On 9 November, the night the Berlin Wall comes down, Elwood sneaks to the base swimming pool to meet Robyn while the opium is being cooked by his squad and the MPs. Knoll and Lee arrive. Elwood then discovers Knoll is actually an undercover 2nd Lieutenant from the Inspector General's Office and Criminal Investigation Division. While Knoll escorts Robyn away, she tells him her father intends to kill Elwood, something Knoll – as a professional officer – cannot allow. Meanwhile, Saad, intoxicated by the overwhelming opium fumes, provokes a shootout with Special Forces commandos sent to arrest everyone in the drug lab. Upstairs, just as Knoll prevents Lee at gunpoint from pushing Elwood out of a top-floor window, the building explodes from escaping butane and industrial solvent. Elwood and Lee are blown out of the building's top floor by the massive impact. Elwood strangles Lee with his handcuffs and lands on top of him, surviving the fall.

In the aftermath, the Army's top commanders posthumously award Lee a Silver Star and also decorate Elwood, who is transferred to a new assignment in Hawaii. He tells his new commanding officer, who is just as dull-witted as Colonel Berman, that Robyn remains his girlfriend and she will be visiting soon. The film ends with Elwood submitting a requisition order for more supplies.

==Production==
Filming took place in Baden-Württemberg, Germany.

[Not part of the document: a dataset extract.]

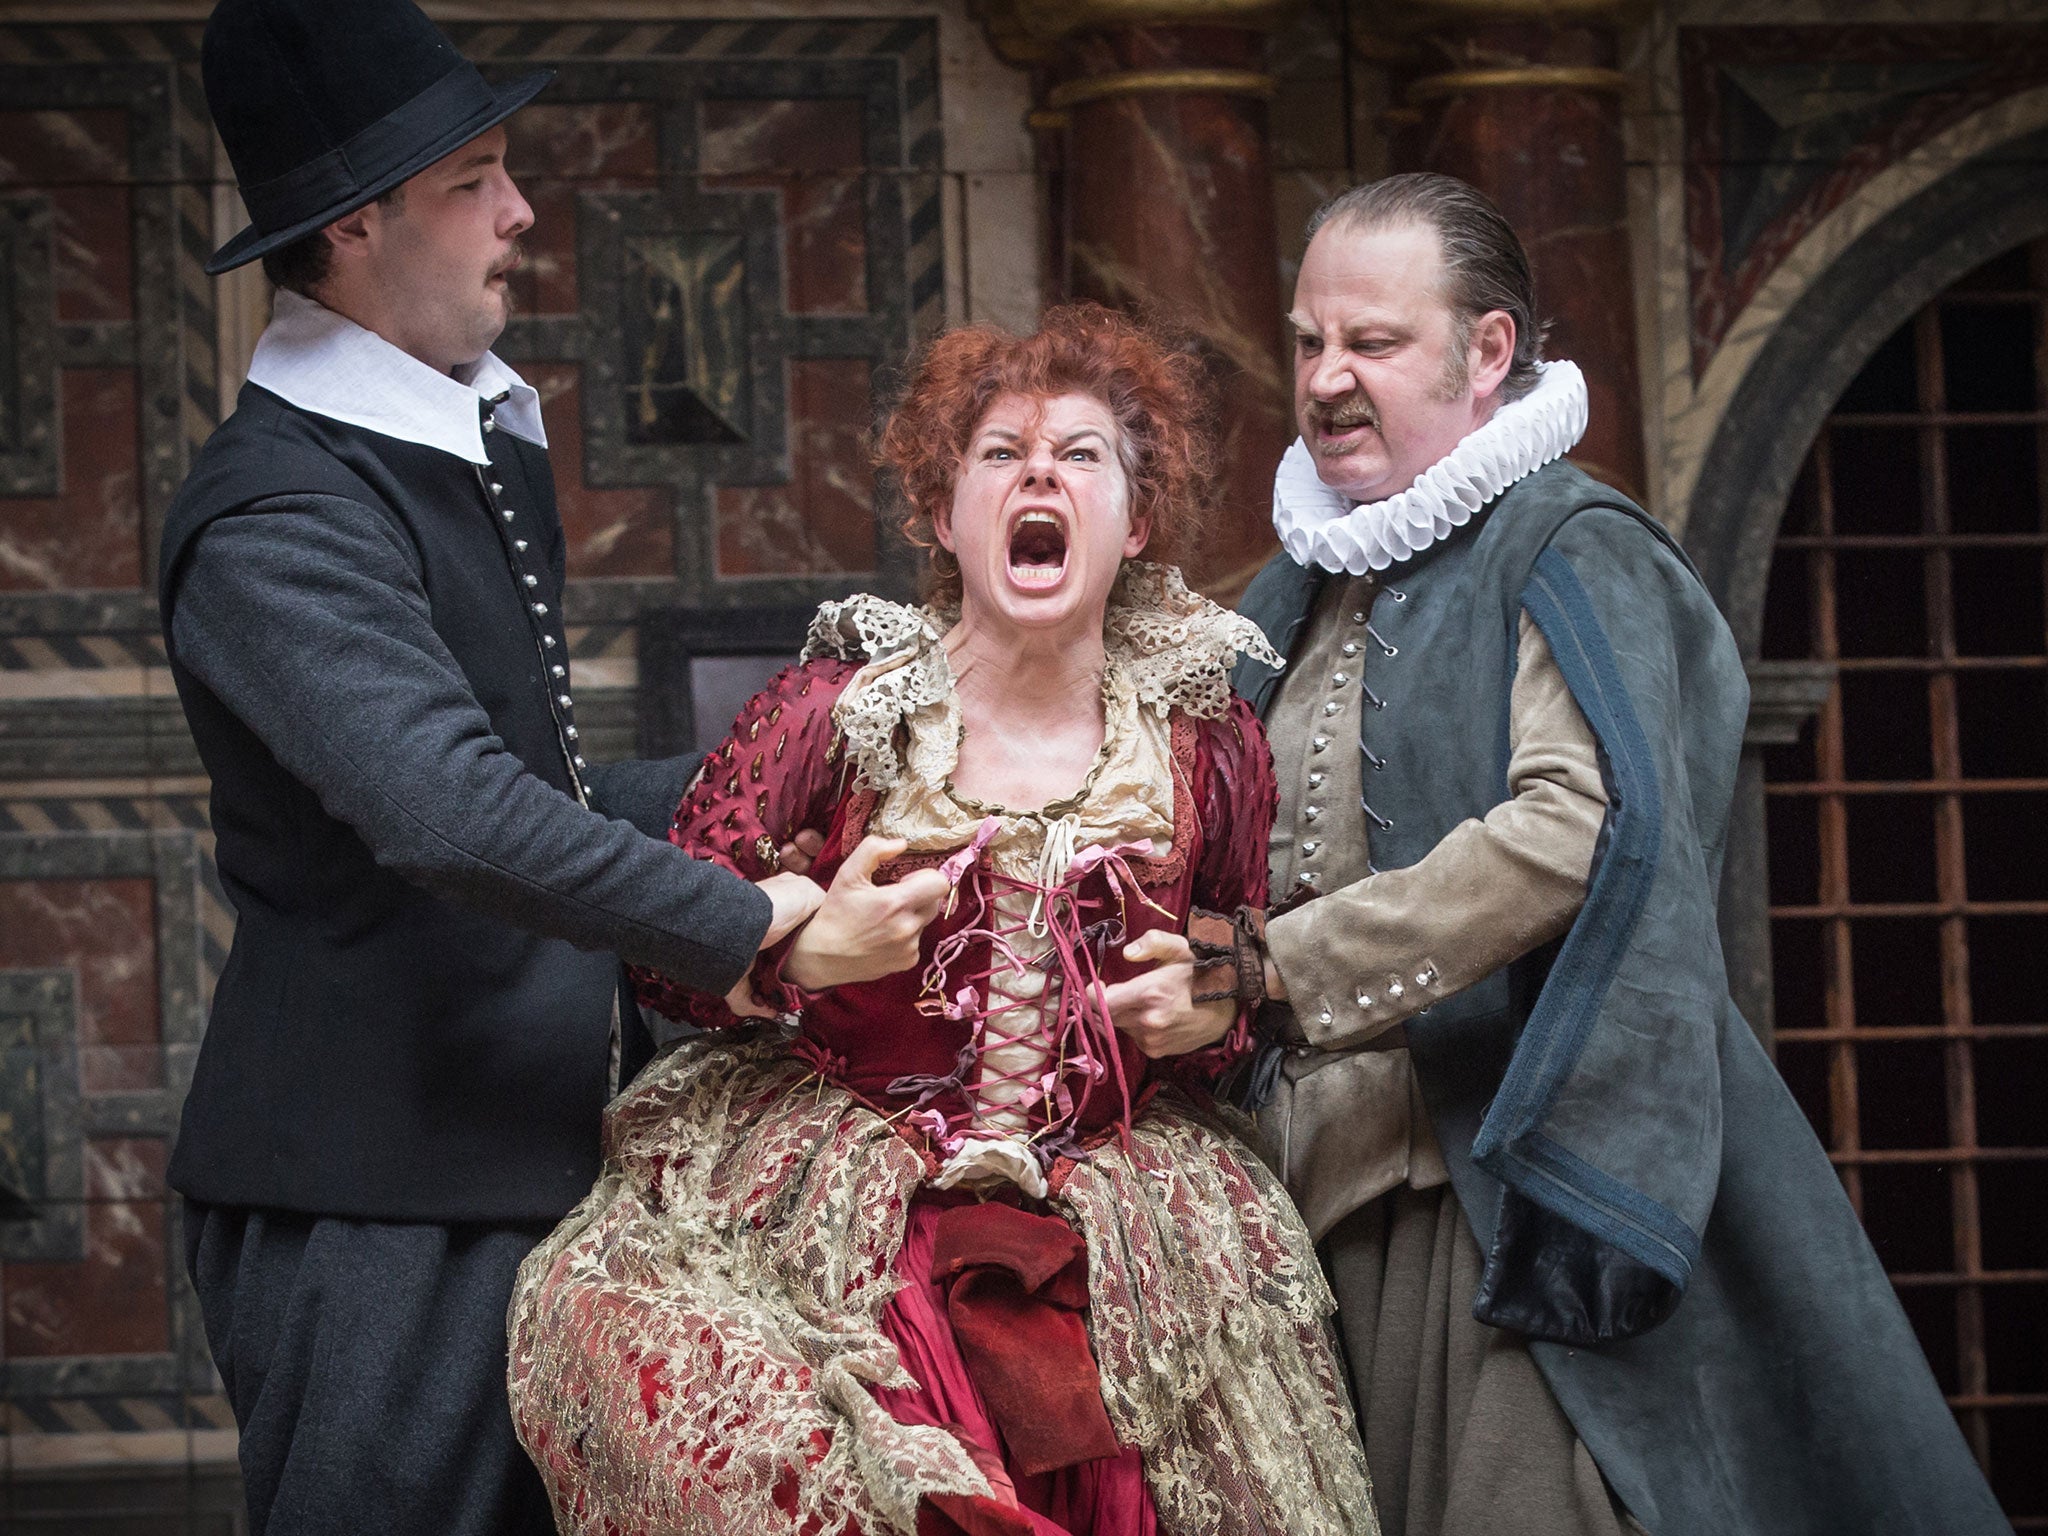 Dominic Dromgoole’s ‘Measure for Measure’ at Shakespeare’s Globe in 2015

Several former US Army bases that had recently been handed back to German control, like the depot at Siegelsbach, were used as locations. The US Army declined to support the film, so military vehicles had to be rented from commercial companies and private collectors, and though a US tank platoon, it is equipped with Leopard 1 tanks.

==Release==
The world premiere was held at the 2001 Toronto International Film Festival in early September. However, being a satire of the US military, the film's wider theatrical run was delayed by approximately two years because of the September 11 attacks. Angry viewers objected to alleged "anti-American" sentiments of the film, deeming it "unpatriotic". At a press conference a woman threw a water bottle at Anna Paquin. By the time the film was eventually released in the US on July 25, 2003, much of the momentum of the film had dissolved, and the positive reviews of the film did not help its reception.

==Reception==
Buffalo Soldiers has a rating of 73% on Rotten Tomatoes based on 115 reviews with an average score of 6.55 out of 10. The consensus states: "Overall, this caustic comedy hits more of its targets than it misses." The film also has a score of 56 out of 100 on Metacritic based on 35 reviews, indicating "mixed or average" reviews.